Таким образом, вырисовывается, на мой взгляд, основная исследовательская проблема применительно к региону Средней Азии (историческим Мавераннахру и Хорасану): выявление общего и особенного, путей формирования, целостности и своеобразия учения и практики суфийского сама‘. В этой связи возникают вопросы, которые мы и предполагаем рассмотреть в данной статье: Как соотносился феномен сама‘ в его среднеазиатском проявлении с практиками слушания в других ареалах исламского цивилизационного пространства? Какие идеи / суфийские учения заимствовались и, каким образом приспосабливалось к «среднеазиатской практике»? Отдельного внимания заслуживает вопрос о влиянии на формирование традиций сама‘ других видов духовного и художественного выражения (рецитации и передачи сакральных текстов, искусства музыки). Не ставя задачу глубокого исследования перечисленных вопросов, мы остановимся на их постановке и предварительном рассмотрении.
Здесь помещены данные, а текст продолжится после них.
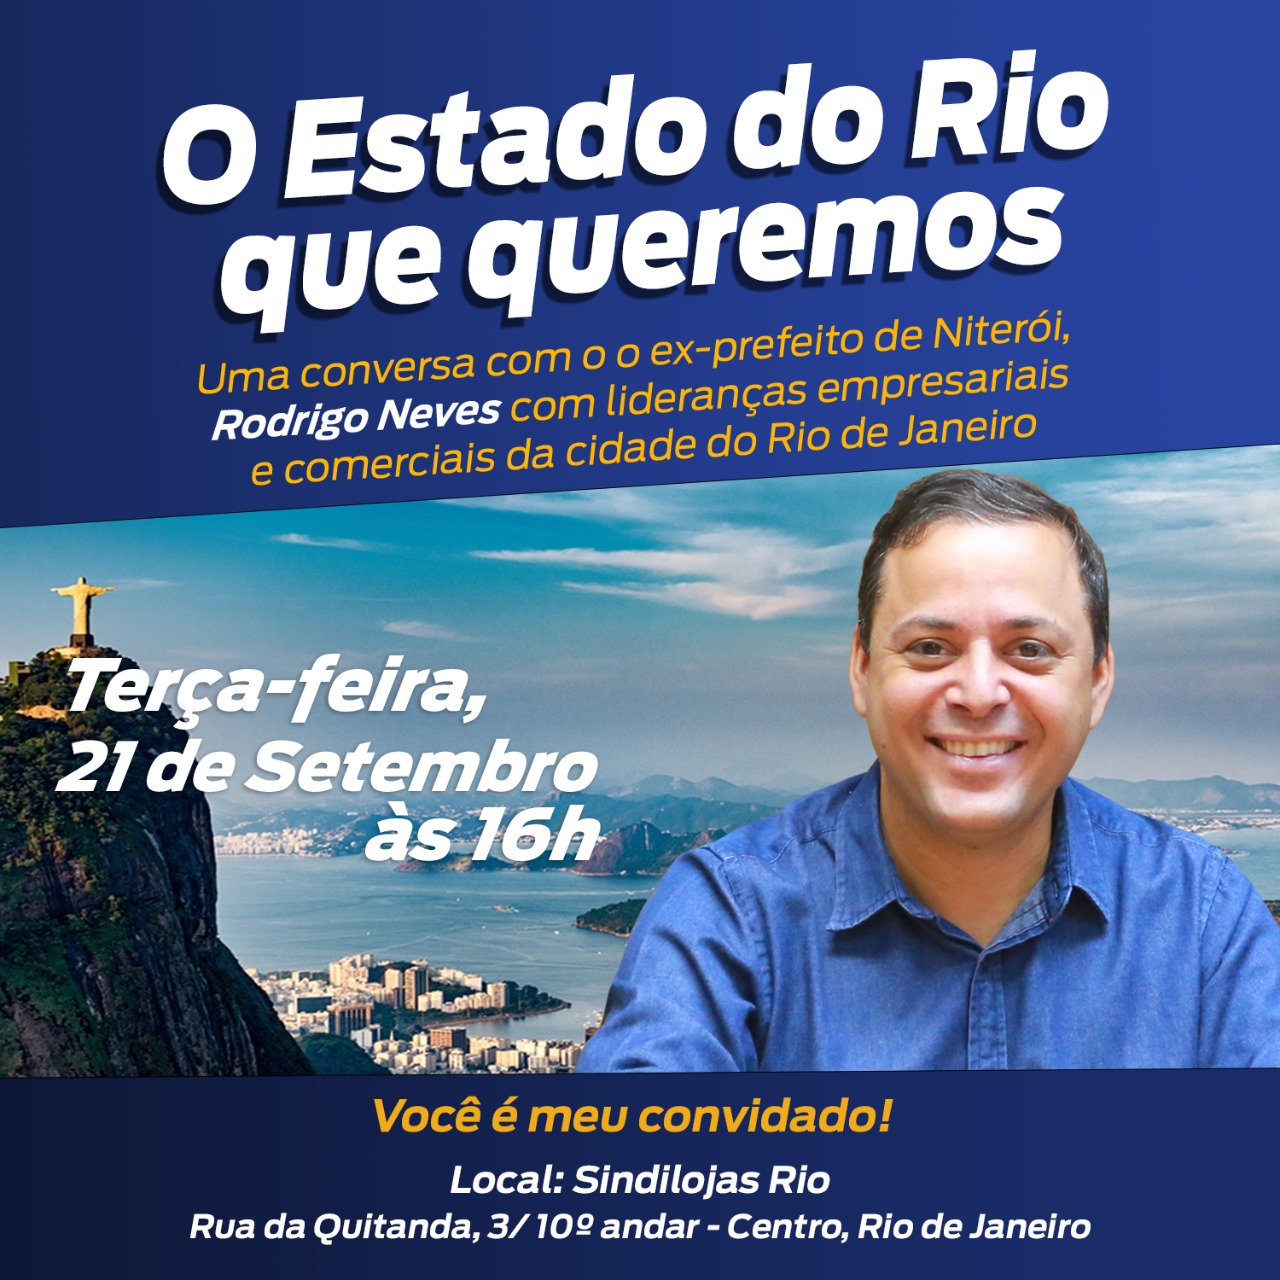 You are currently viewing O Estado do Rio que queremos

Для этого привлекаются, наряду с современной научной литературой, отдельные показательные факты и сведения из средневековых письменных источников.

Приверженцам сама‘ в Средней Азии в каждом веке вплоть до первых десятилетий XX в. были хорошо известны многочисленные рассуждения-высказывания (изречения, сентенции, притчи) выдающихся суфиев-предшественников (начиная с самых ранних) из разных регионов исламского мира. Каждое новое серьезное сочинение о сама‘ и зикре, которое создавалось в Средней Азии (вплоть до XIX в.) 4, включало в себе наблюдения и мысли-сентенции предшествующих авторов. Примечательный пример – памятник суфийско-философской мысли «тысячелетнего пользования» – раздел «О хороших правилах слушания (сама‘), переживании экстаза (ваджд) и постановлениях относительно слушания» («Дар адаб-и сама‘ ва ваджд ва хукм-и сама‘») из сочинений Худжжат ал-Ислама Абу Хамида Мухаммада ал-Газали ат-Туси (1058–1111) «Кимийа-йи са‘адат» («Философский камень счастья») на персидском языке и «Их’йа ‘улум ад-дин» («Воскрешение наук о вере») на арабском языке [4, с. 217-230; 5; 6] 5. Ссылки на этот весьма оригинальный текст о сама‘ приводятся еще и в преддверии советского периода в туркестанских теологических изданиях6.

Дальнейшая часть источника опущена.